▸ **About this exercise**
All of the data should be copied exactly, with the pictures left out.

▸ **Available data**
◆ ◆ ◆ ◆ ◆

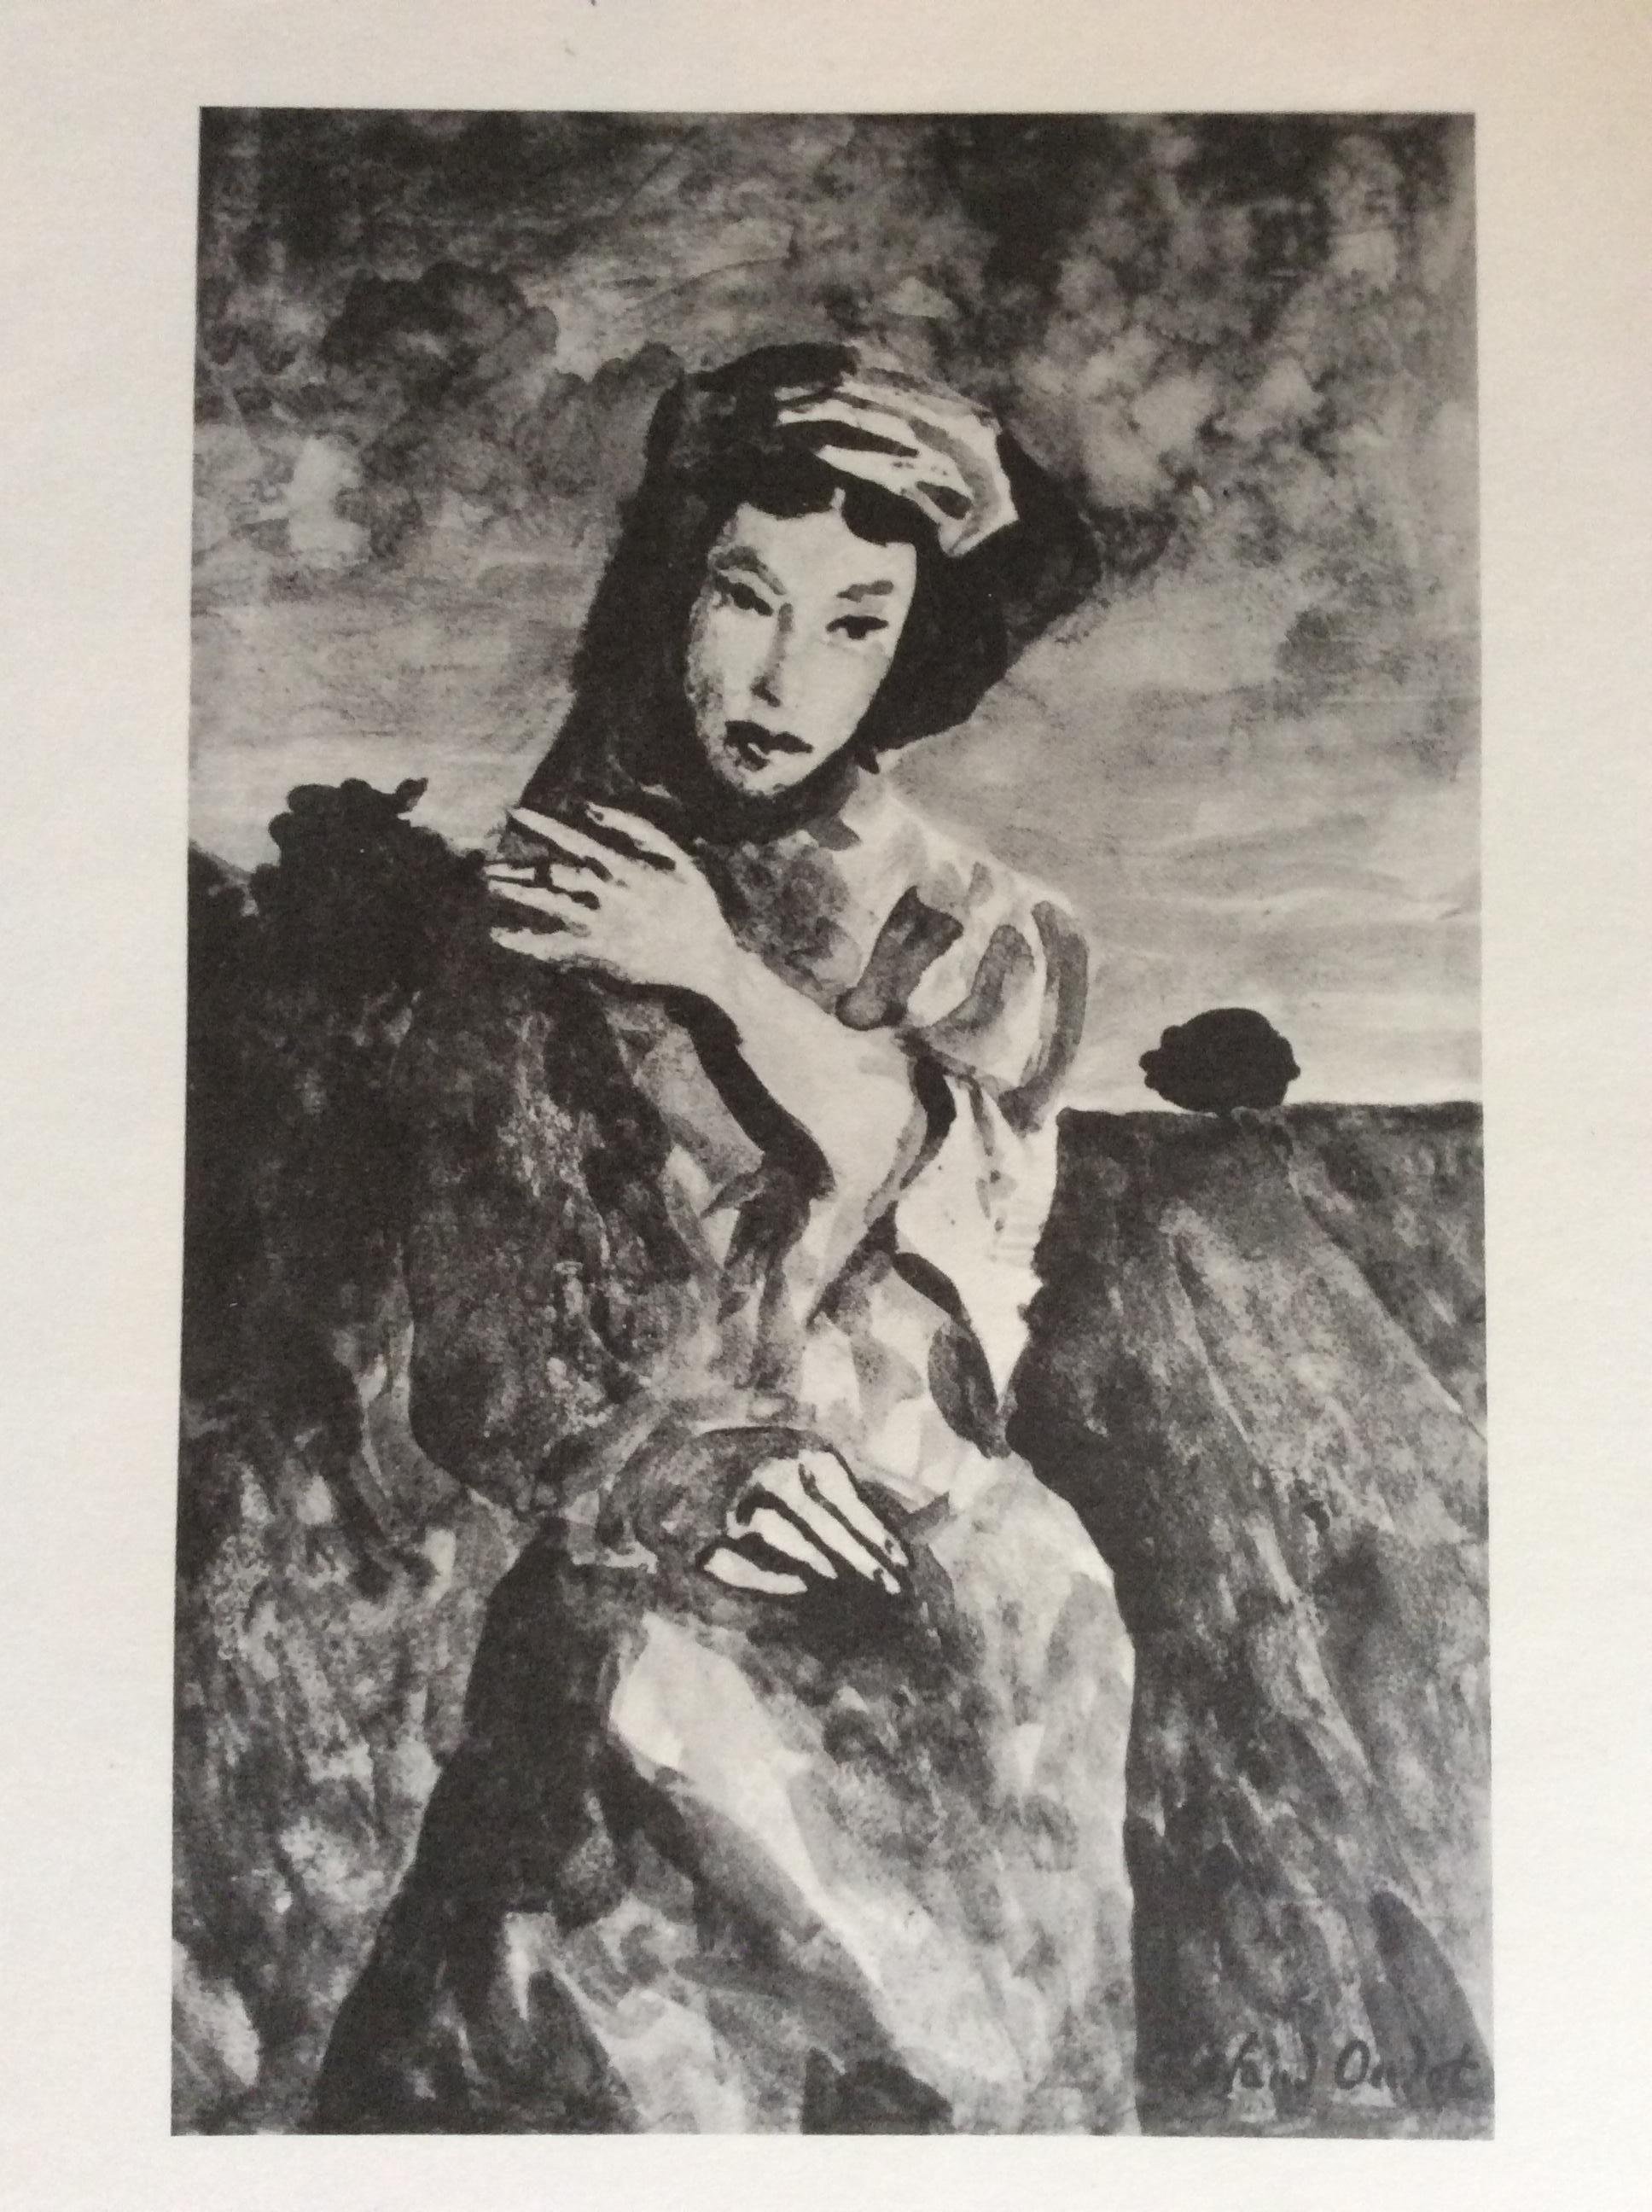 Original vintage poster from well-known gallery in the south of France.  Portrait Art by Roland Oublot.

Galerie de Francony was founded by Geoffroy de Francony to promote the works of emerging and established artists. A fascinating world which
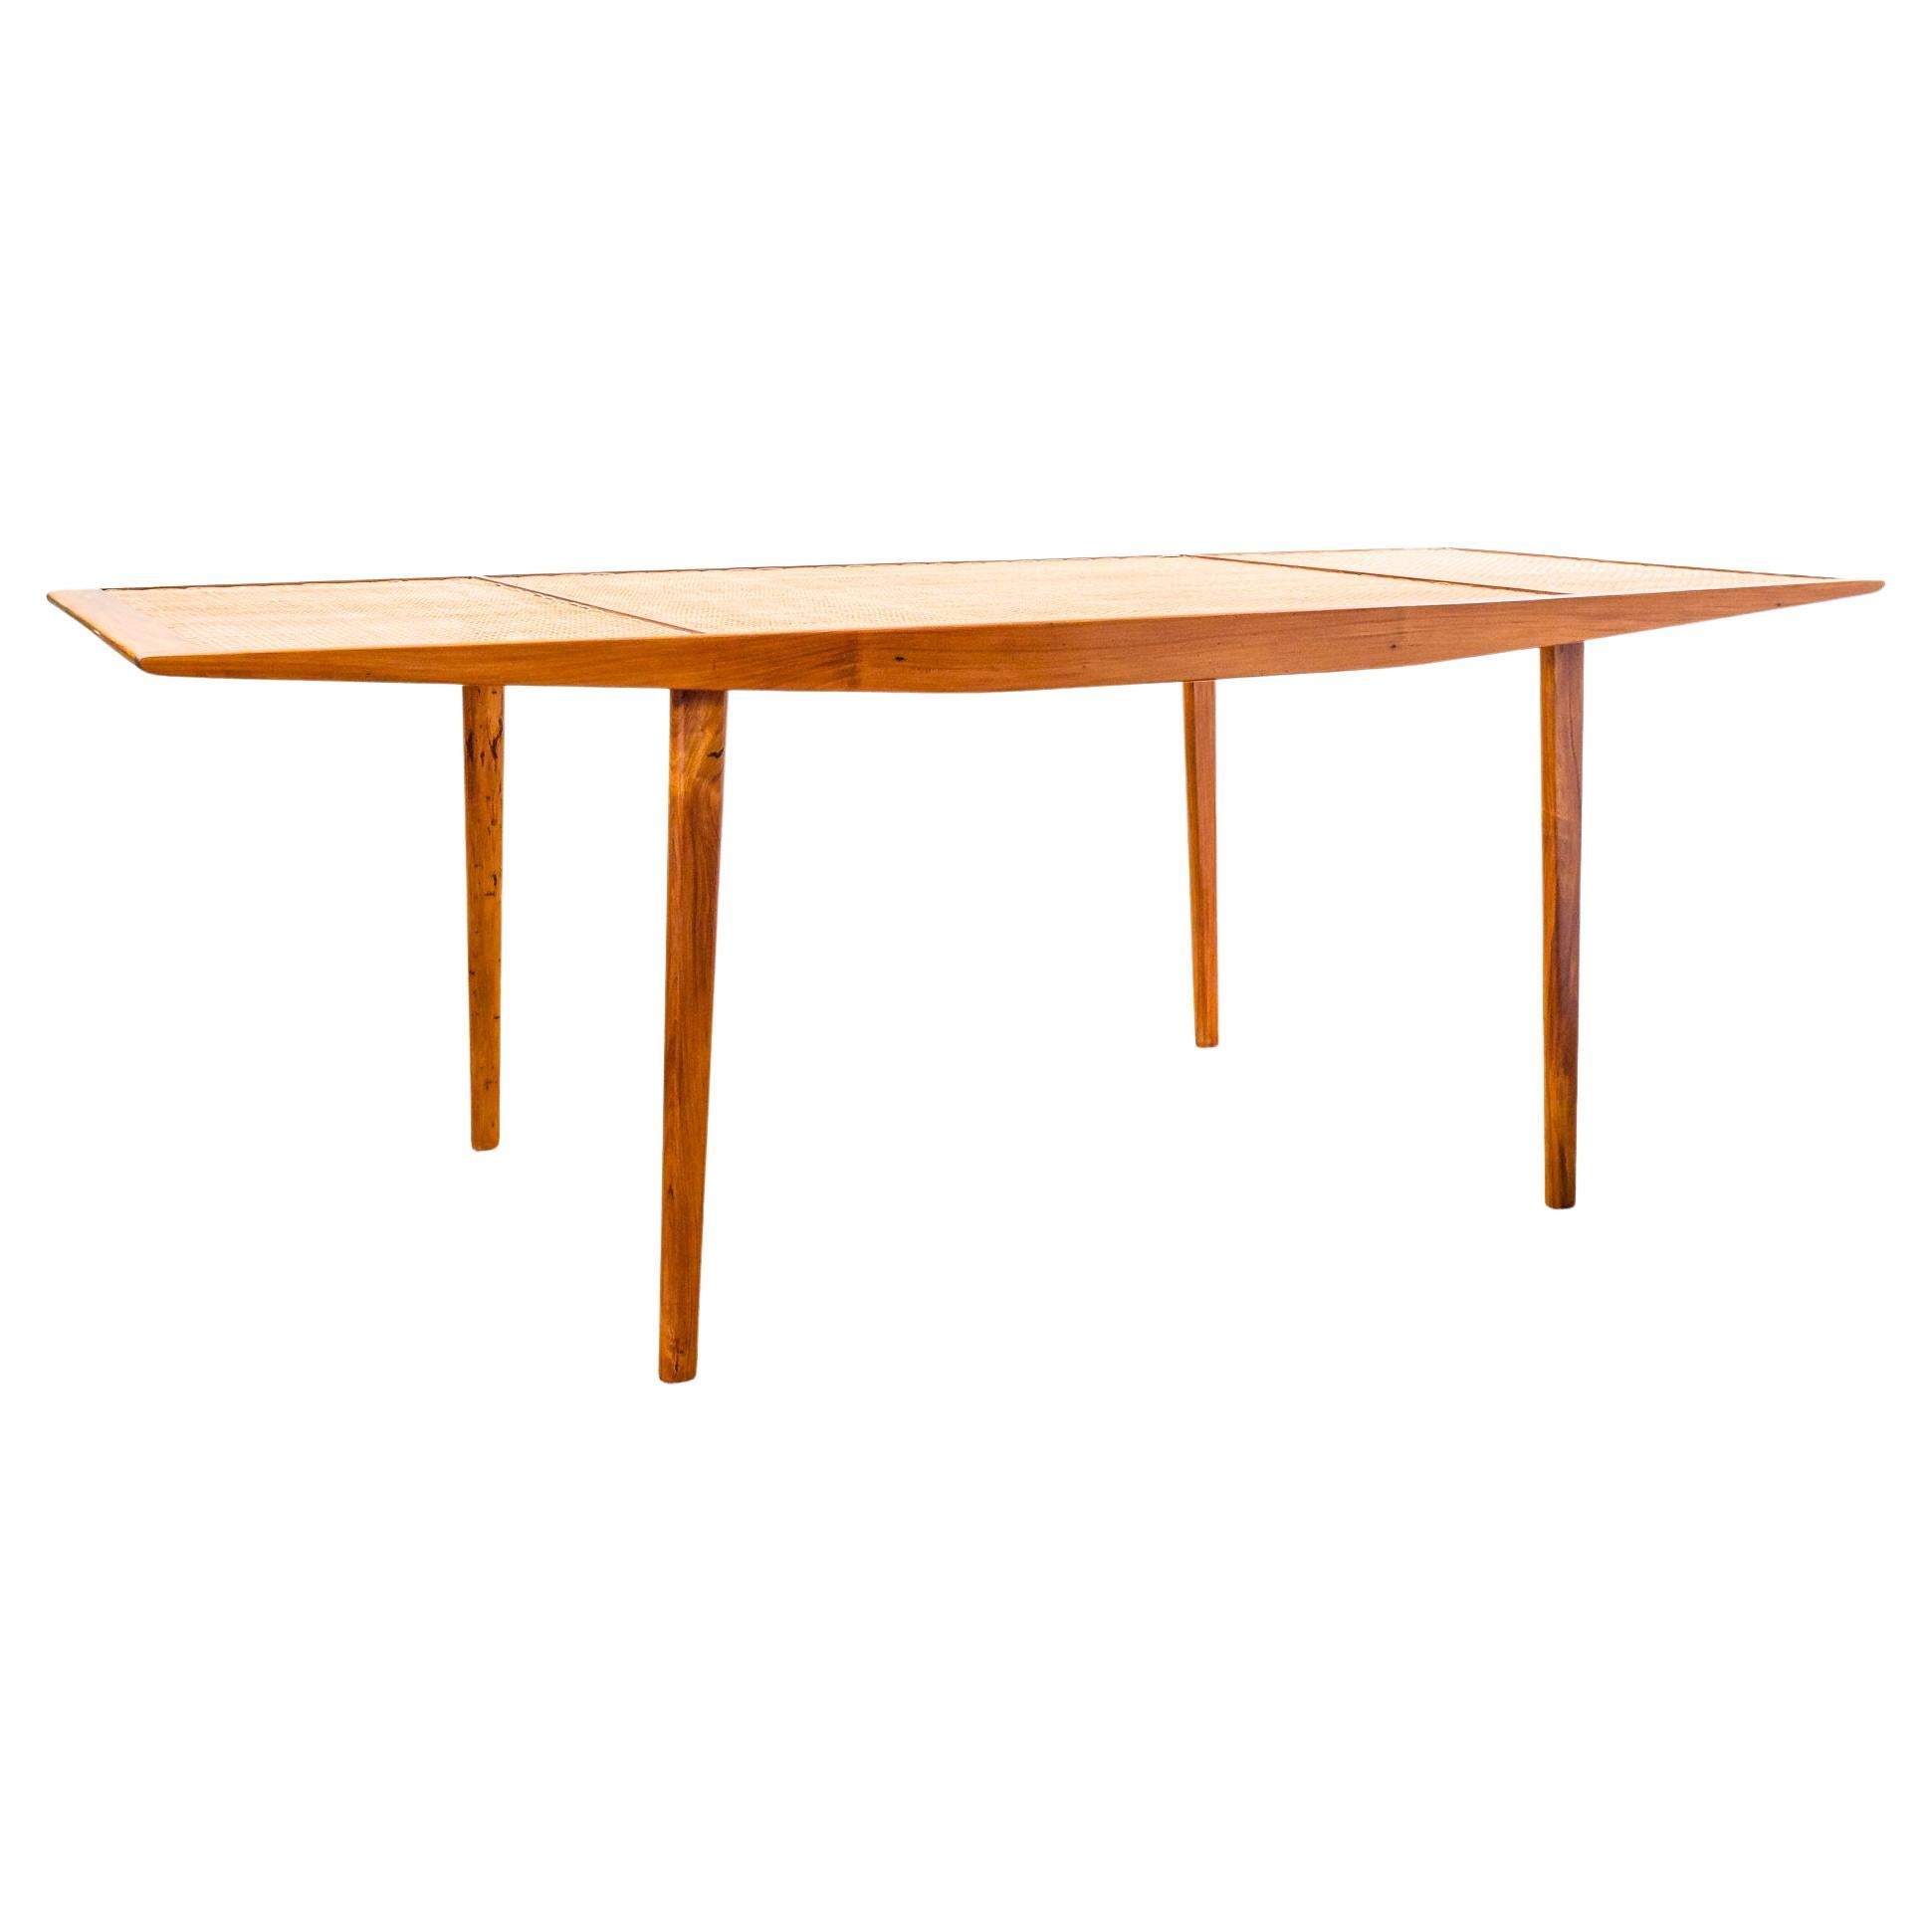 Dining Table in Caviuna and Cane Weaving by Martin Eisler, Brazil Modern, 1950s For Sale

◆ ◆ ◆ ◆ ◆

▸ **Answer to this task**
 Original vintage poster from well-known gallery in the south of France.  Portrait Art by Roland Oublot.

Galerie de Francony was founded by Geoffroy de Francony to promote the works of emerging and established artists. A fascinating world which
 Dining Table in Caviuna and Cane Weaving by Martin Eisler, Brazil Modern, 1950s For Sale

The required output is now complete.